Neu und sehr zu loben ist sein Ansatz, auch die muslimische Sicht der Dinge darzustellen. Dabei kommt er zu einem bislang im Westen selten gelesenen Ergebnis: Dass bei der Gegenwehr der Muslime religiöse Motive zunächst eine untergeordnete Rolle spielen. Das Konzept des Dschihad, des Heiligen Krieges, war in den Hintergrund getreten, auch weil der Kalif in Bagdad als geistliches Oberhaupt damals kaum politische Macht besaß:
"Zur Zeit der Kreuzzüge sind kaum Predigten und Hetzreden überliefert, die die Muslime zur Erfüllung ihrer religiösen Pflicht aufriefen. Privatfehden und Uneinigkeit waren weit verbreitet – ideale Voraussetzungen für die von ihrem hehren Ziel getriebenen Westeuropäer, bis nach Jerusalem zu gelangen. Ohne Orientierung durch ihr geistliches Oberhaupt in Bagdad zeigten die weltlichen Führer des Nahen Ostens wenig Begeisterung für einen Dschihad. In der islamischen Welt sollte es Jahrzehnte dauern, bis sich auf diesem Weg eine gemeinsame Agenda herausbildete, aufgrund derer sich die Muslime zusammenschlossen, um die Christen zu vertreiben."

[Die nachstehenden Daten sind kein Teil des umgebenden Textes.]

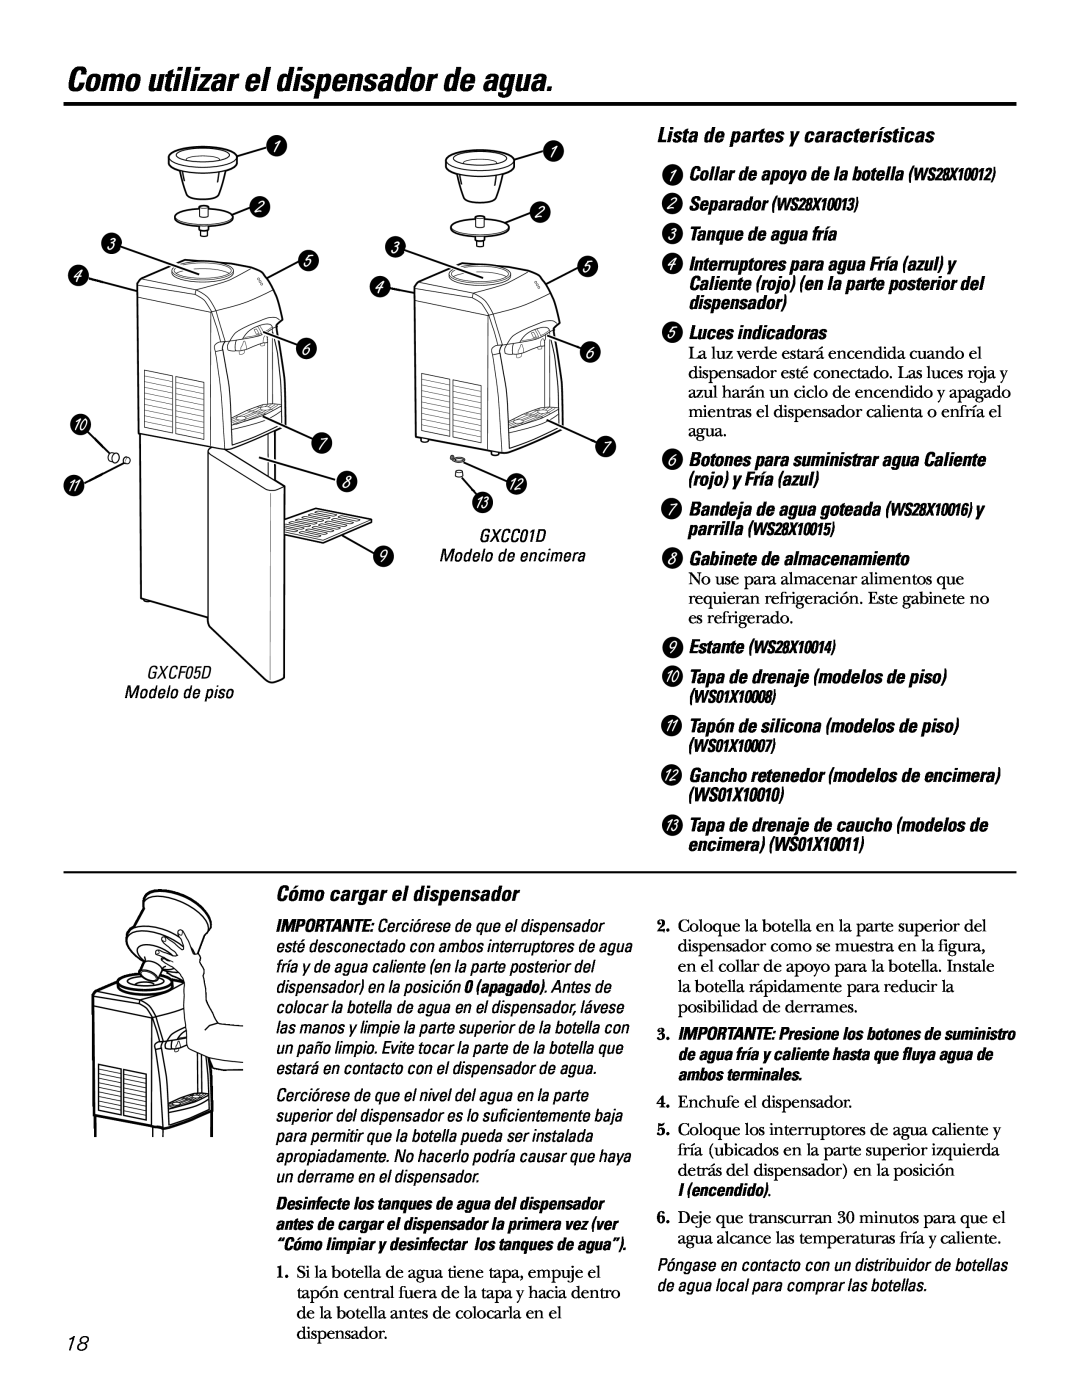 GE GXCF05D Como utilizar el dispensador de agua, Lista de partes y características, Cómo cargar el dispensador 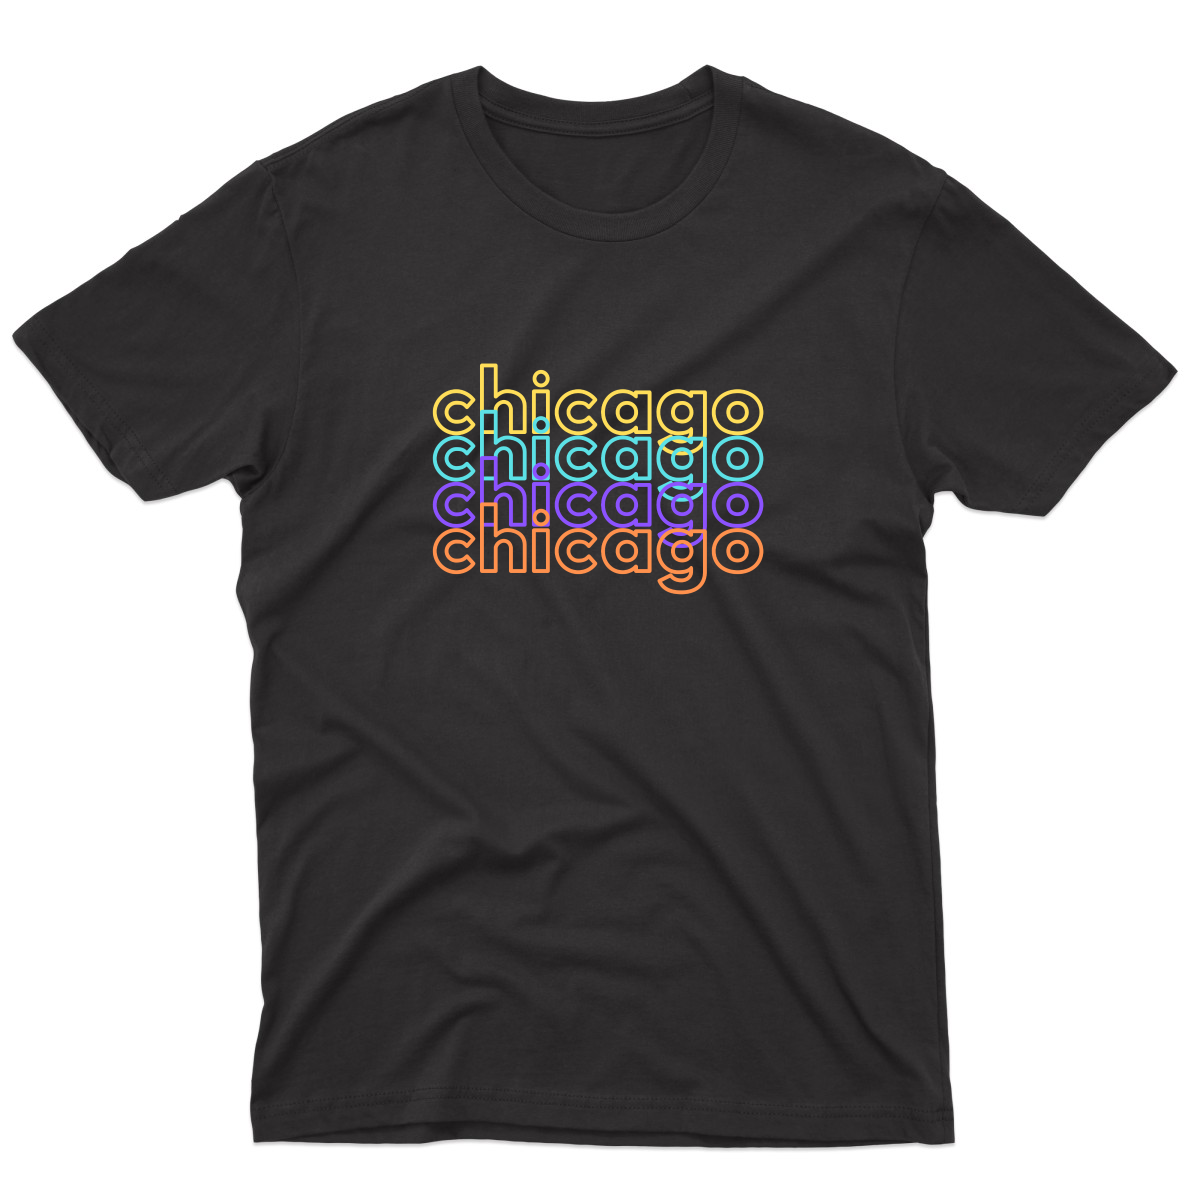 Chicago Men's T-shirt | Black

Phillips Buch ist auch deshalb ein sehr gelungenes Werk, weil er einerseits in flottem Stil schreibt, andererseits aber als Wissenschaftler seriös arbeitet. Pauschalurteile vermeidet er und blickt stattdessen differenziert auf die Ereignisse. So schildert er auch all die Widersprüche und Vielschichtigkeiten der Kreuzzüge. Hier kämpften nicht nur Christen gegen Muslime. Wenn es die Lage erforderte, schlossen Christen mit Muslimen Bündnisse, um gegen andere Christen zu kämpfen. Der vierte Kreuzzug endete gar damit, dass das Heer der lateinischen Christen das christlich-orthodoxe Konstantinopel einnahm und plünderte. All das ist heute oft in Vergessenheit geraten, wenn der Begriff "Kreuzzug" verwendet wird. Nicht nur bei Georg W. Bush.
Eine Begriffsklärung: Zu finden im Buch von Jonathan Phillips.
Der Titel "Heiliger Krieg – Eine neue Geschichte der Kreuzzüge" ist bei DVA erschienen. 640 Seiten kosten 29,99 Euro. Jan Kuhlmann war unser Rezensent.